Perhaps innovation coordinators at higher levels would be more focused on trends beyond the organization and even beyond their clients or markets, and most certainly the higher up you go the longer the planning time horizons would be. A great example of this kind of structure is explained in a forthcoming article by Jeffrey Immelt of GE in the Harvard Business Review. In GE they had both the top down functions, but then they also paid great attention to creating from the bottom up similar functions. During this process Jeffrey explains that they realized they needed to create these structures within sub regions, with more autonomy to make context specific decisions.

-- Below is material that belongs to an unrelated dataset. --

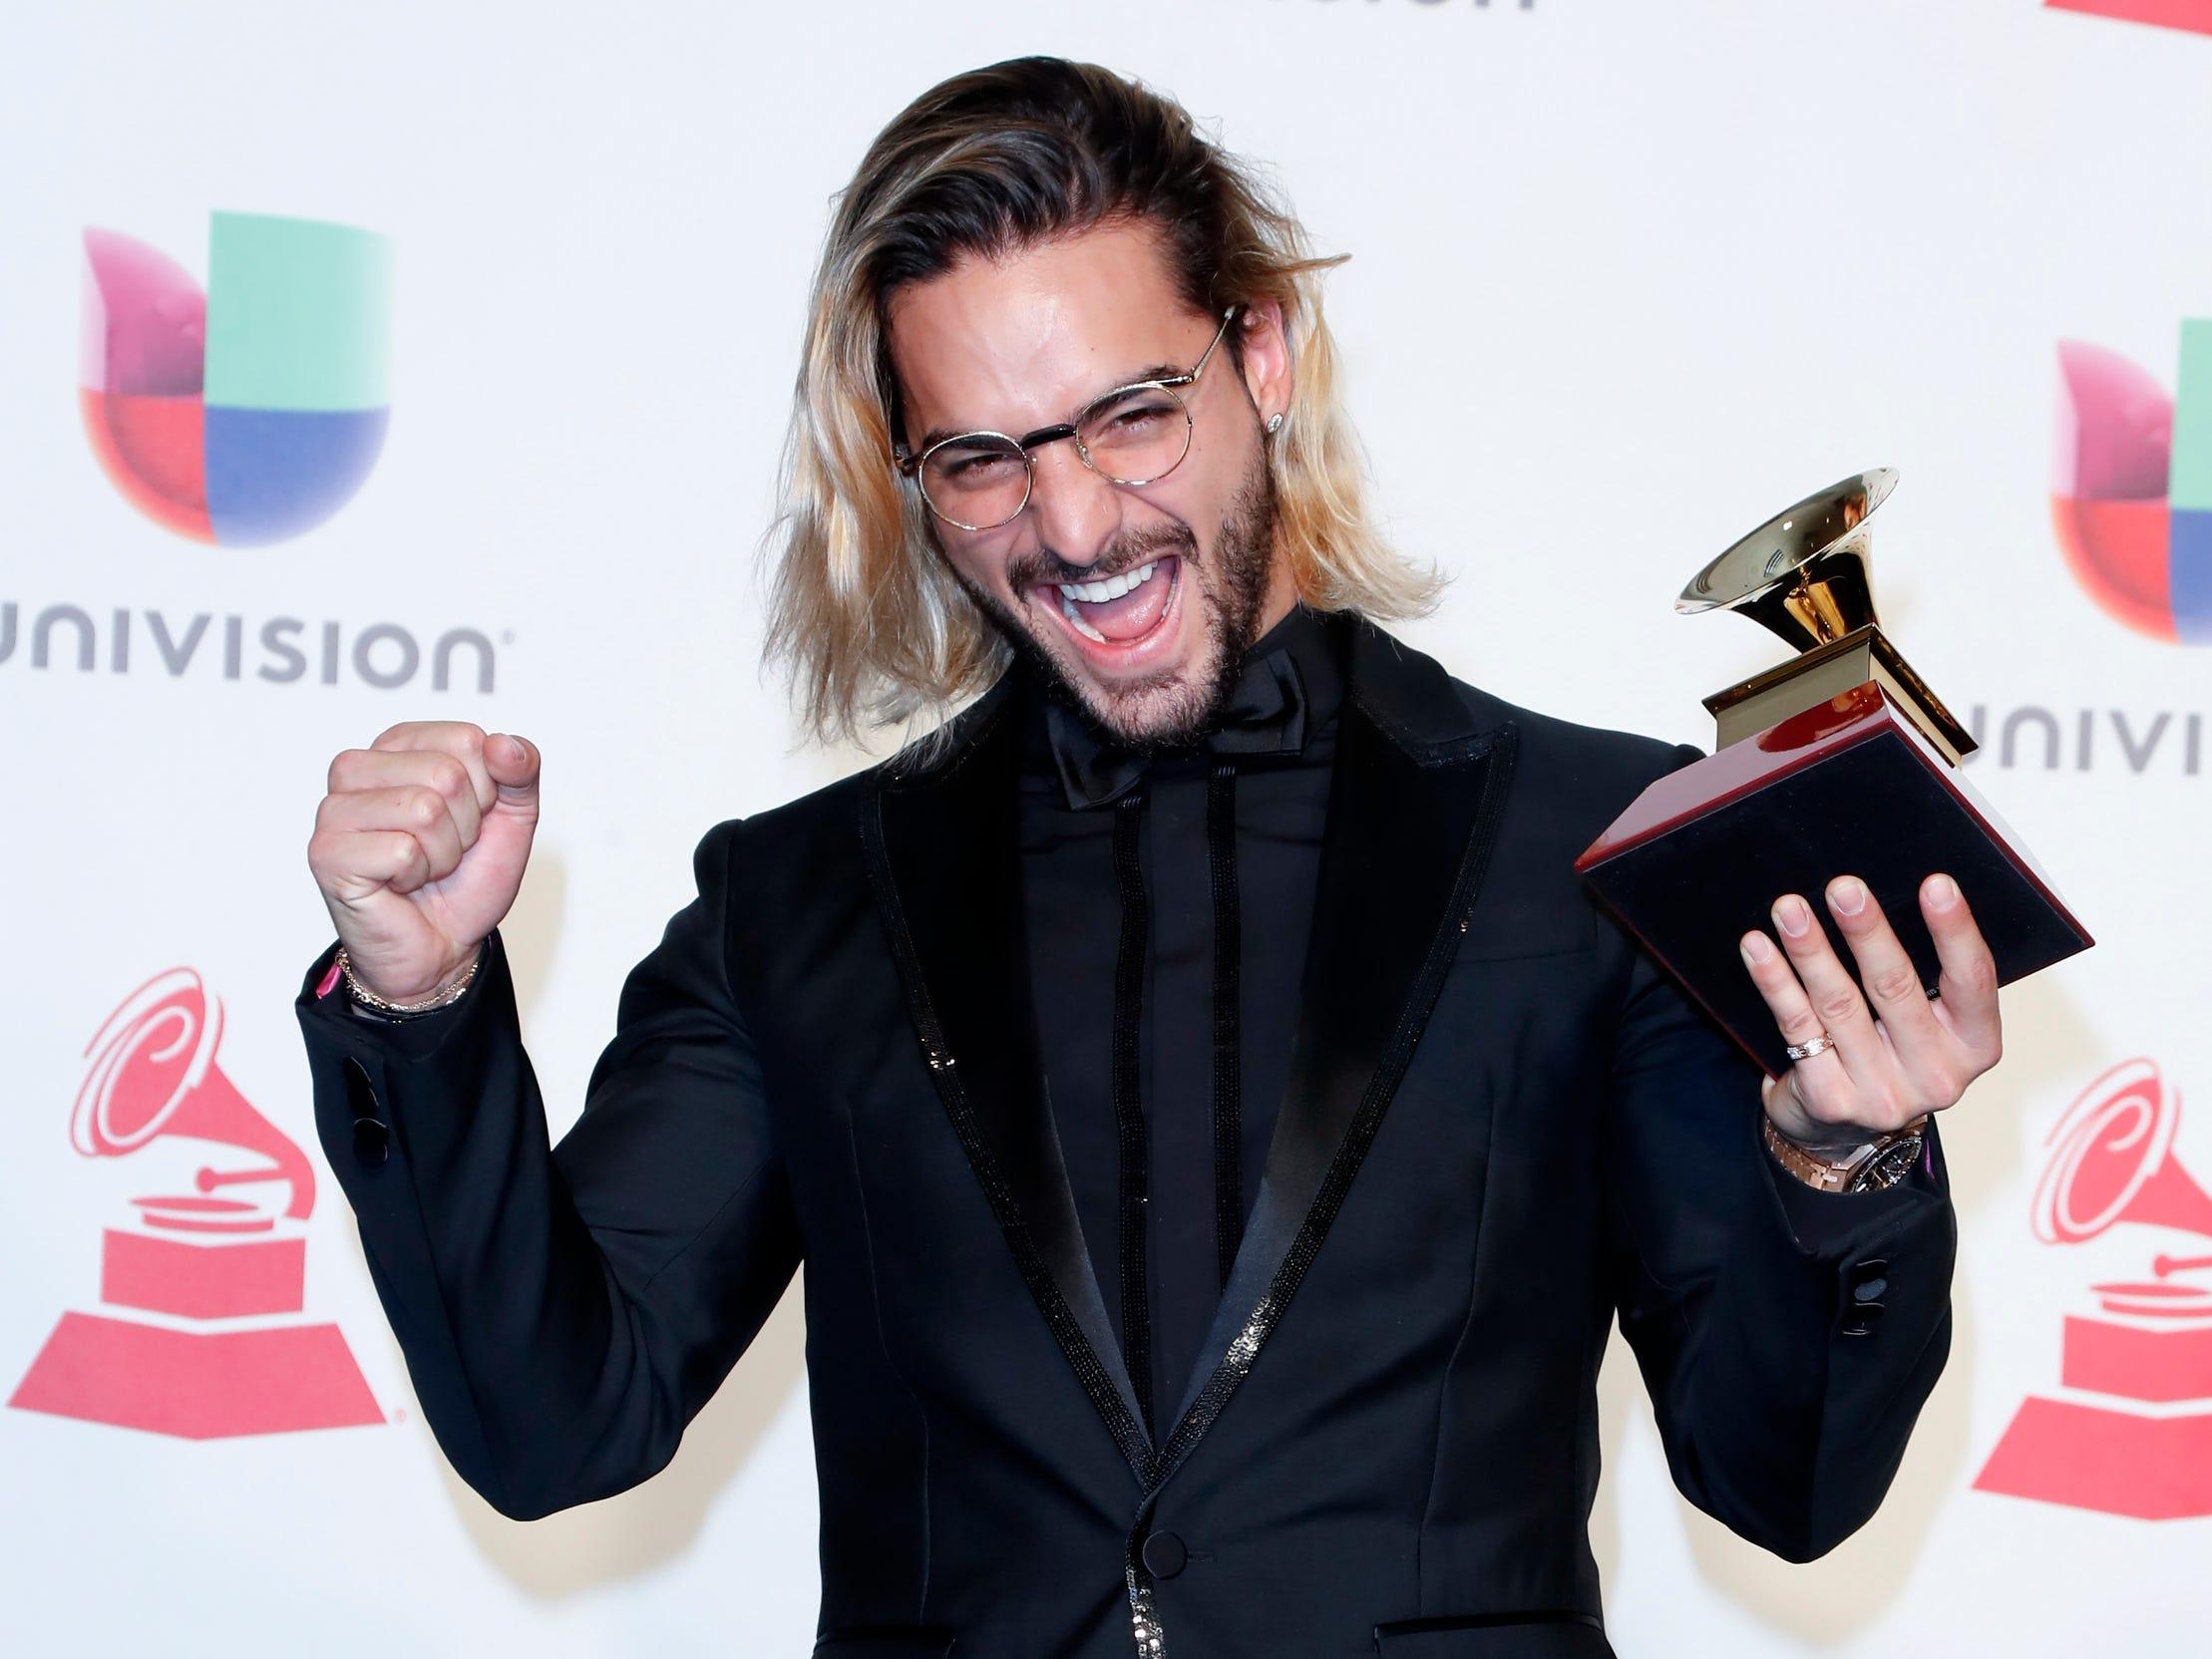 Maluma with the award for Best Contemporary Pop Vocal Album.

Within a larger organization, good ideas (a.k.a innovations) from one unit is not immediately copied elsewhere. This is the wrong approach to scaling. Instead it goes in at the first function (Scanning) of other units, where the suitability of the idea and its effect on the business unit or technological capability is assessed. This means that top management can detect good ideas in how rapidly they are taken up within the organization. Perhaps they need to play a role in making innovations that seem to be working in one area known to others. This reduces the dependence on “strategic bets” by top management. Also this means that scanning is not only about looking beyond the organization, it could also mean scanning internally in other units or over the whole organization to try and detect ideas that are being tried out, taken up or discarded.

You cannot centralize innovation at the levels of product, process and business models only at the top of an organization, even in a small company. So you have to find ways to distribute this capability throughout the organization. It is not smart if only higher levels of management are scanning the horizon, trying to wrap their minds around emerging trends like the impact of Amazon on an industry, Industry 4.0, the internet of things or additive manufacturing. Perhaps at higher levels there should be a push to get more people elsewhere in the organizations empowered and mobilized to make sure that the four functions of innovation are distributed, that more people are scanning, more people are thinking about the future, trends and change.

In the image included in this post, the arrows are flowing down, because I believe that leaders need to push the push functions down in their organization. As these functions are distributed through the organization, it would become more important to figure out how to feed the ideas, insights and innovation from the distributed organizational system to improve organization wide strategic insight. Also, the up arrows would make it possible for cross pollination, where ideas that works in one area are fed into the scanning functions of another business unit.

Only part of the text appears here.